Грузовик понесся вдоль стены здания. Повернув за угол, мы остановились у металлической пожарной лестницы. Лестница была с пролетами нормального наклона, а не отвесно вертикальная, как я ожидал. Снизу лестницу огораживал забор из металлической сетки. Егор с маху сбил топором замок на решетчатой двери. Калитка, обреченно звякнув, распахнулась. Взрыкивая двигателем, рядом с нами остановился БТР. Из кузова выпрыгнул Равиль, Паша–десантник, Тарас и один из мужиков второй тройки. Егор уже поднимался по лестничным маршам. Тарас сразу побежал догонять Егора как лидера своей тройки.

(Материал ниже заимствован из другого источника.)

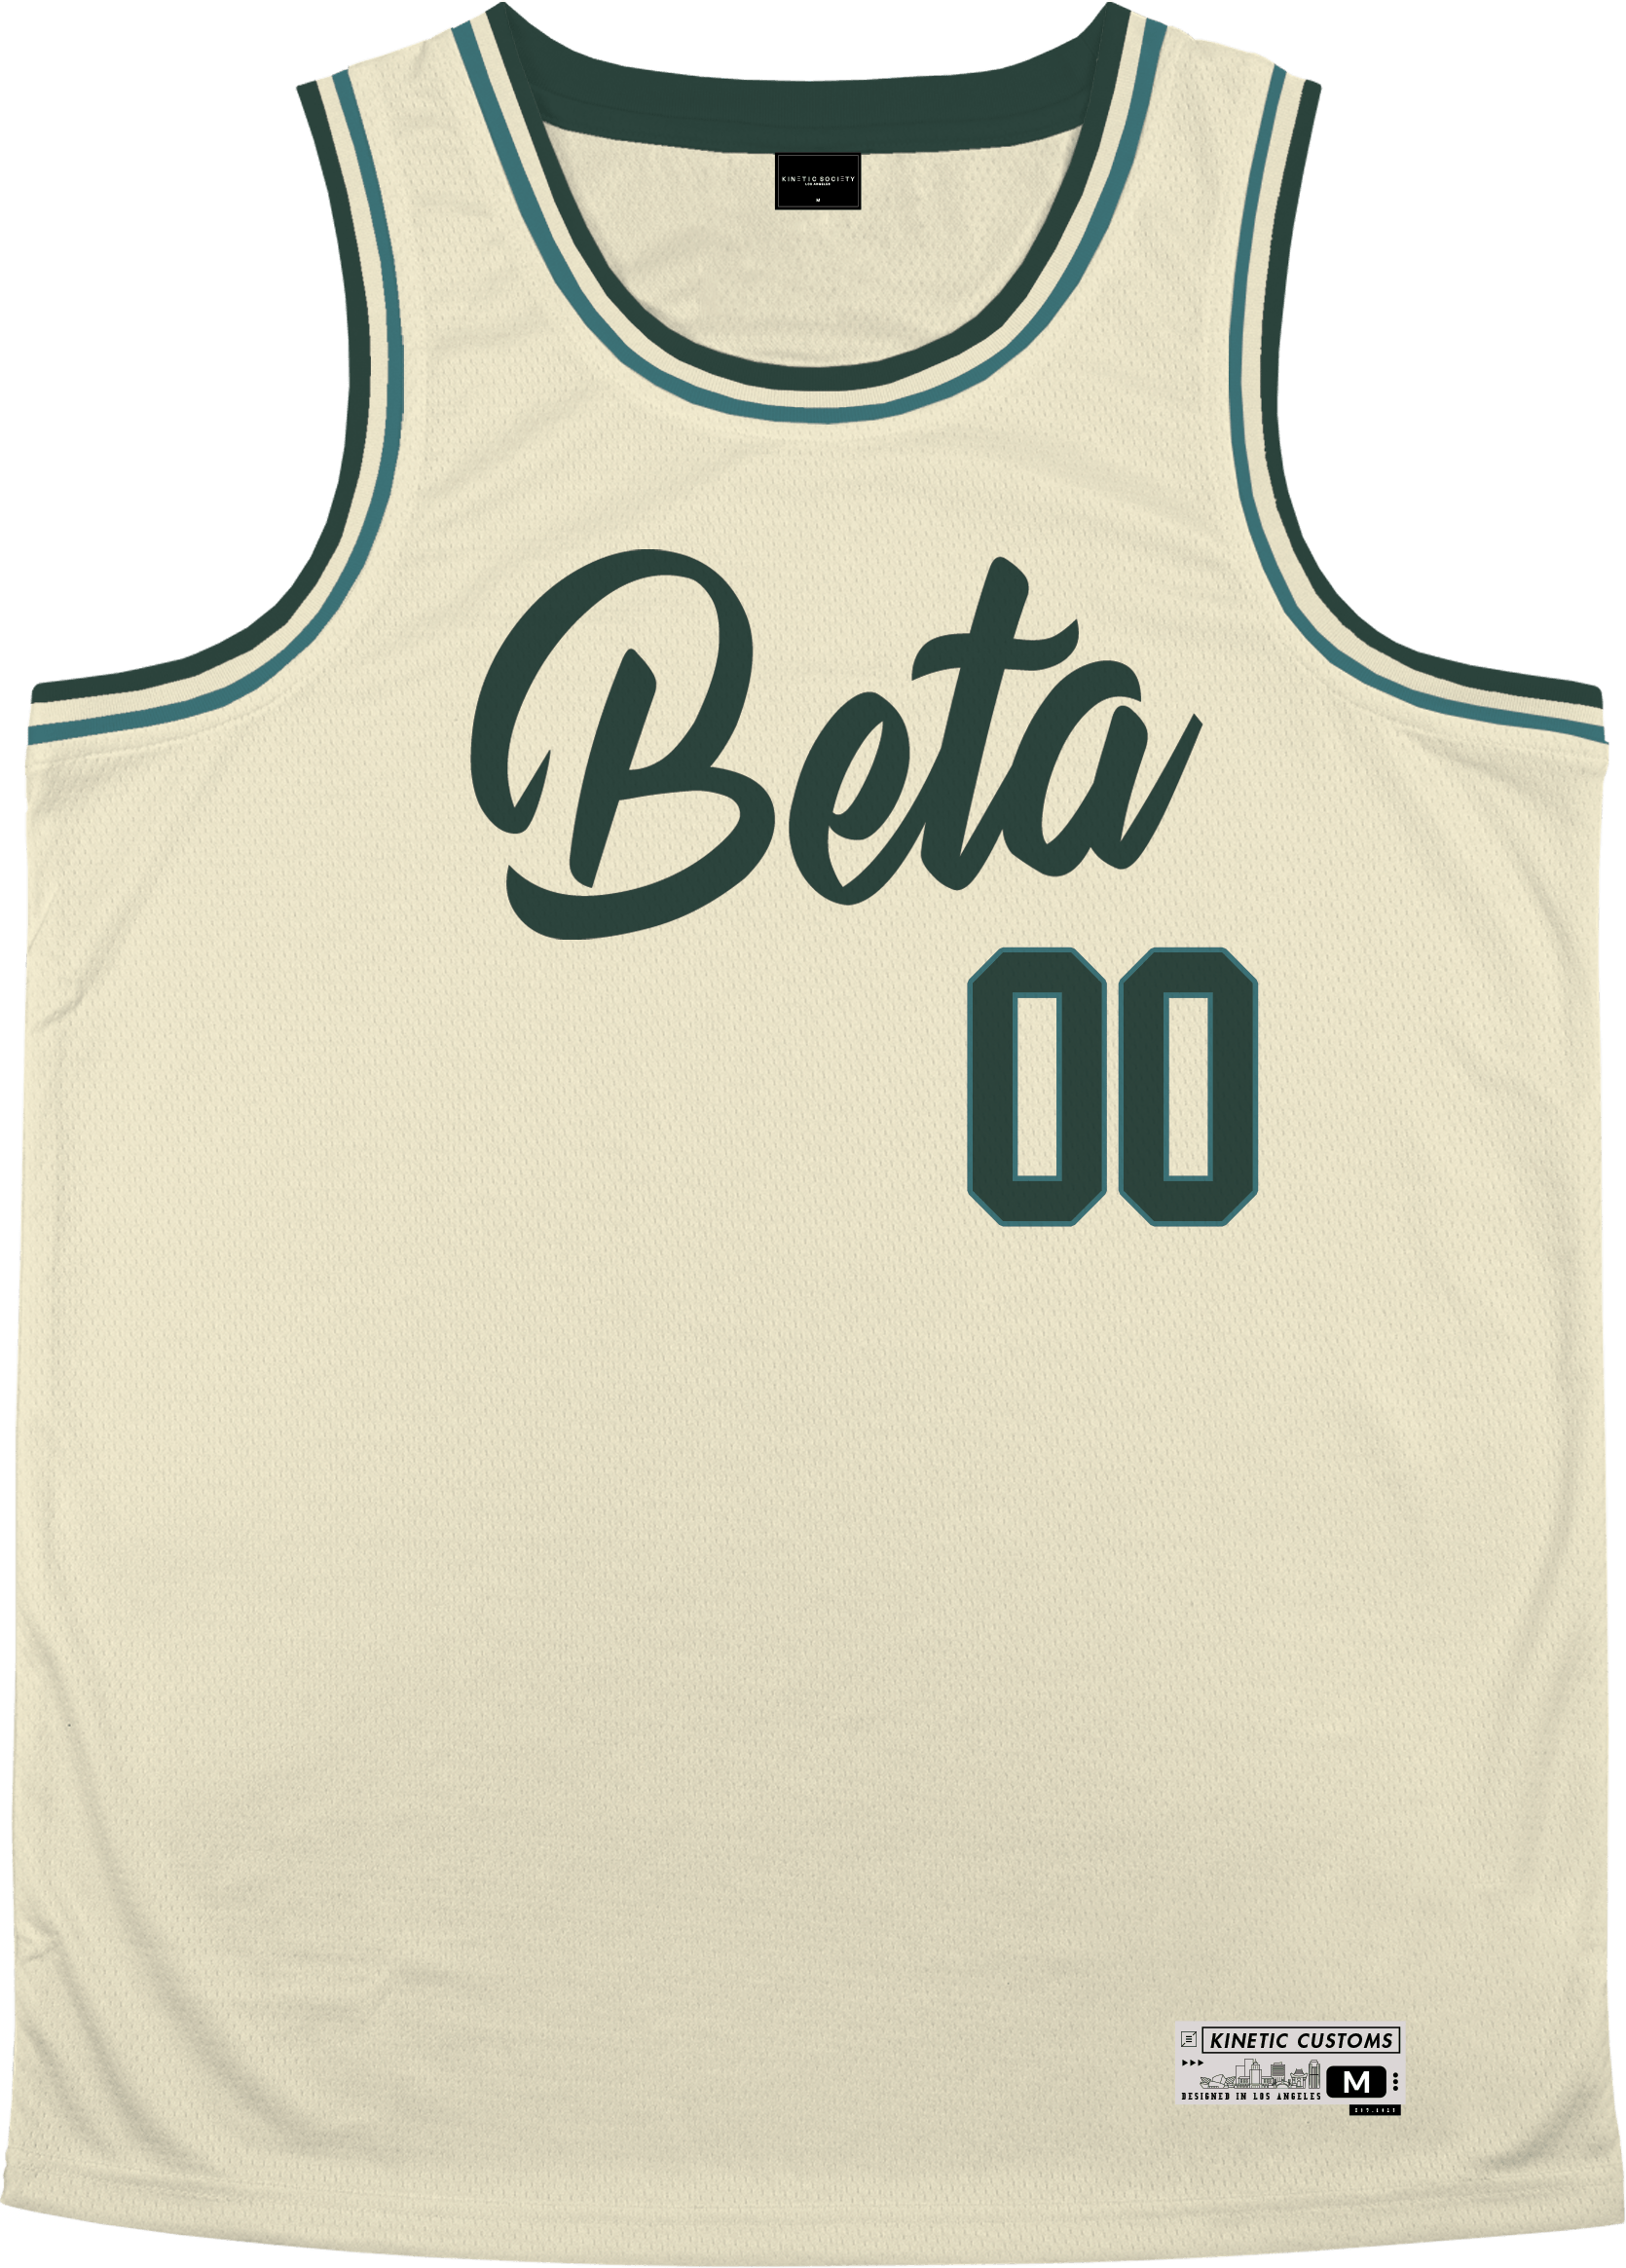 Beta Theta Pi - Buttercream Basketball Jersey Premium Basketball Kinetic Society LLC 
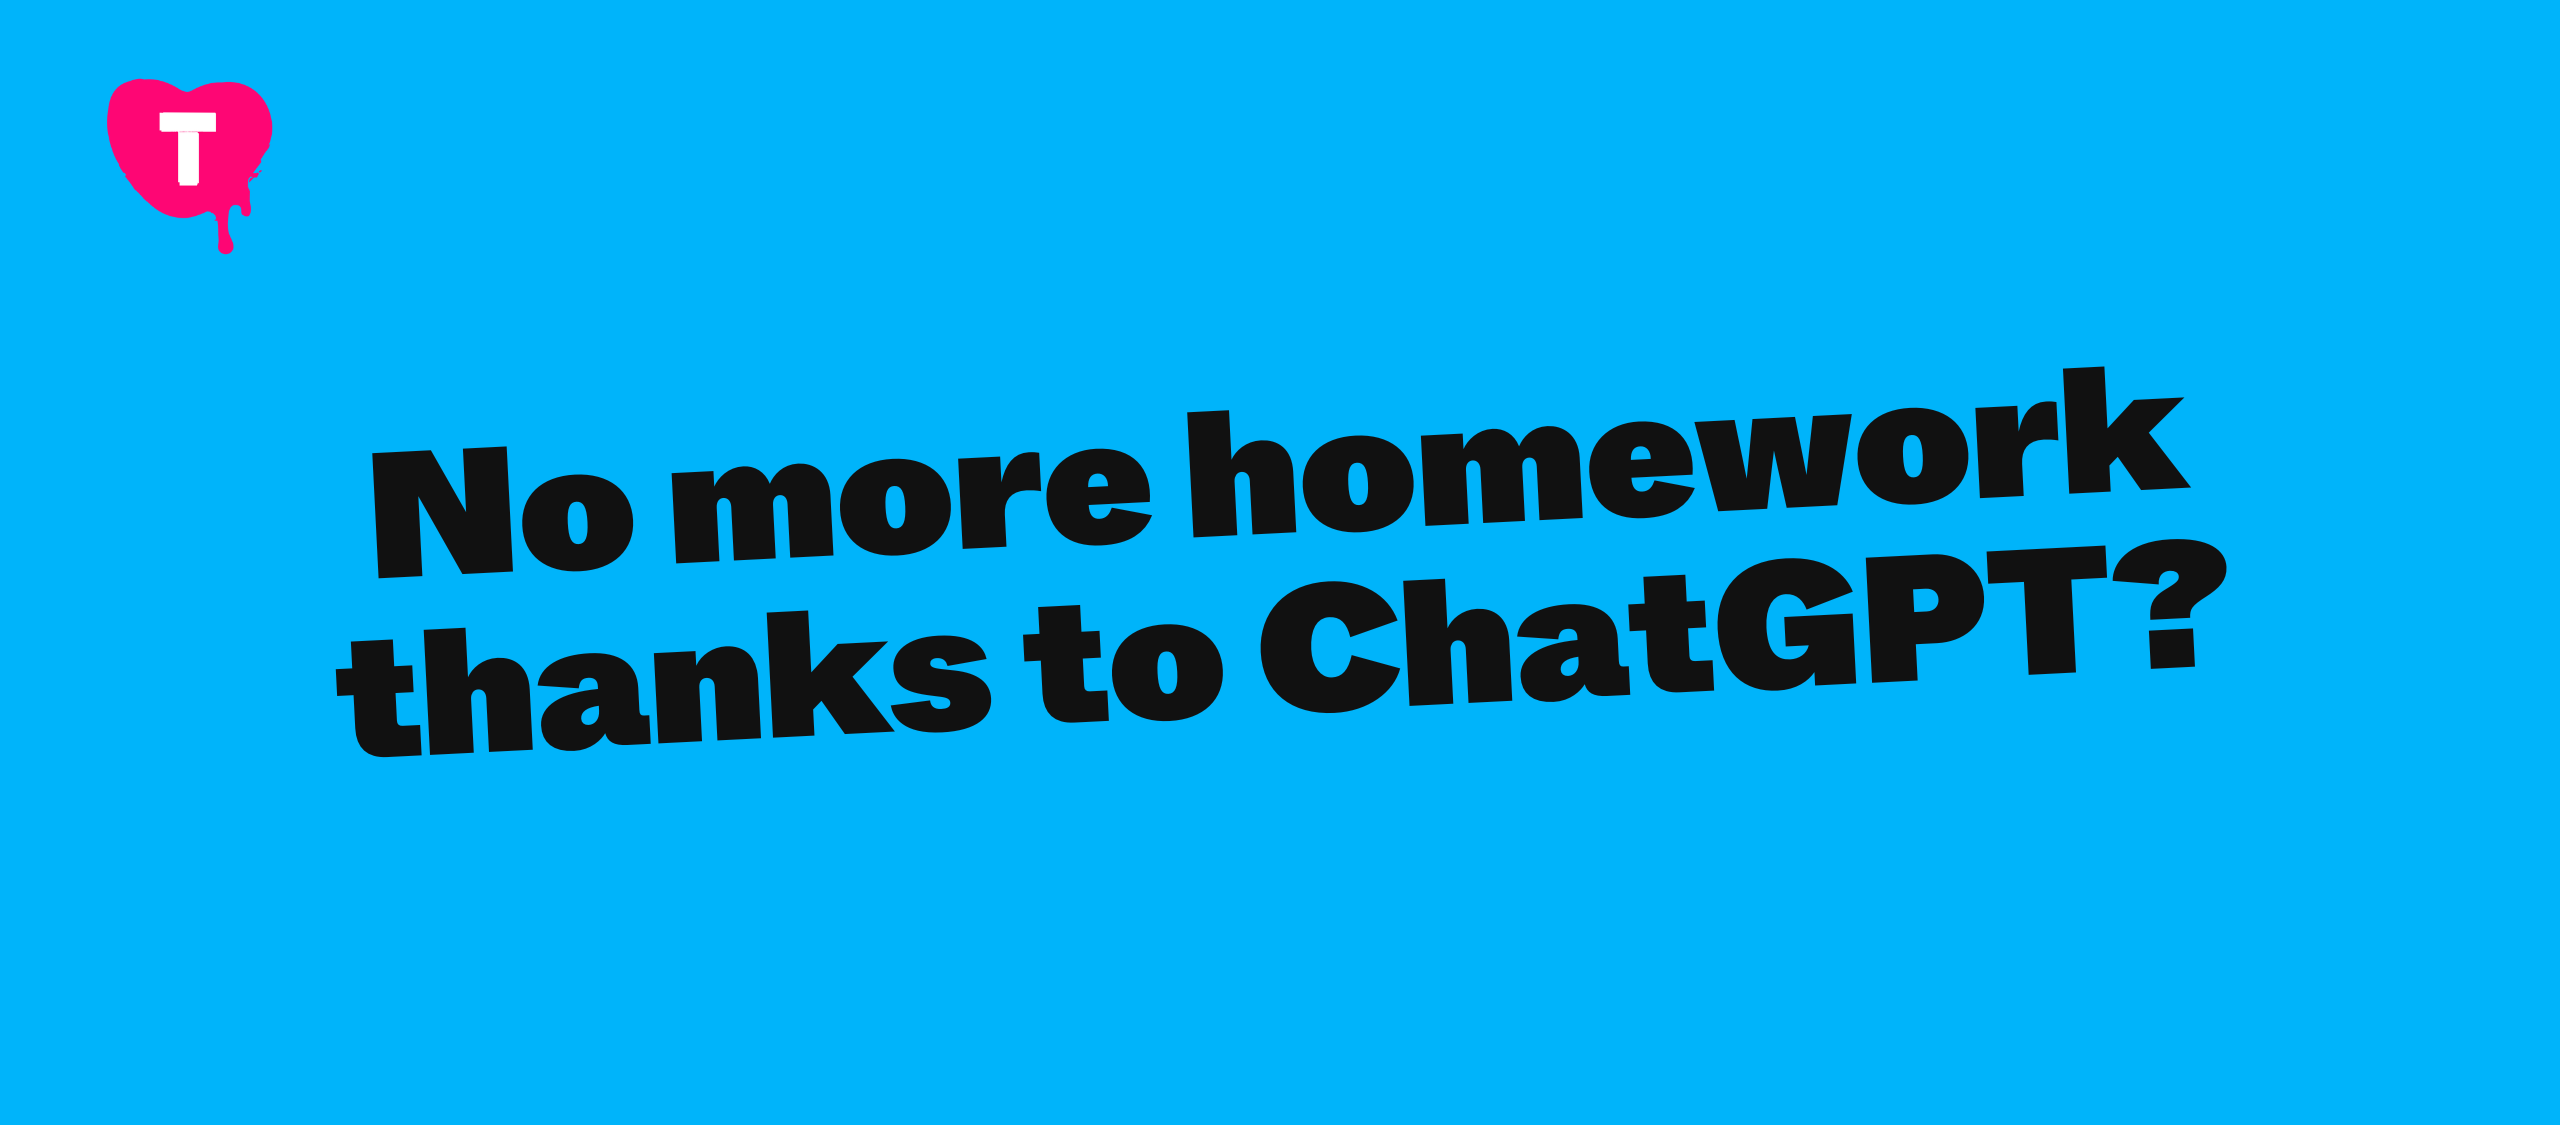 No more homework thanks to ChatGPT?

Я дождался, когда все начнут подниматься, и на проушины калитки намотал заранее приготовленную толстую проволоку, а потом побежал вслед за товарищами. Пристройка была не более семи метров высотой, но все буквально задыхались, когда оказались наверху. Тяжелые костюмы и оружие отнимали все силы.
Егор жестко пресек предпринятые попытки отдохнуть, а стразу погнал нас бегом к нужной двери. По твердому плоскому покрытию кровли модуля было бежать несравнимо легче, чем подниматься по лестнице.
Замок на металлической двери открыли выстрелом в упор из дробовика. Все ввалились в помещение. Я был последним. Когда я попытался оглянуться пред тем, как зайти вслед за всеми, Равиль грубо схватил меня за шиворот и буквально вдернул рывком в дверной проем. Не удержавшись, я упал на металлический пол и с маху ударился головой о металлическую ступеньку. Если бы не каска, я бы, наверное, в дребезги голову разбил. На мгновение свет померк в моих глазах, а в голове загудело. Звука захлопывающейся металлической двери я не услышал. Я услышал мощный удар в закрытую дверь со стороны крыши. Благо, что дверь успели заблокировать монтировкой. Затем по ушам запредельно громко ударил звук выстрелов двух длинных автоматных очередей. Я вскочил с пола как с раскаленной плиты. Равиль стрелял из калаша в узкое вытянутое по высоте окошечко двери.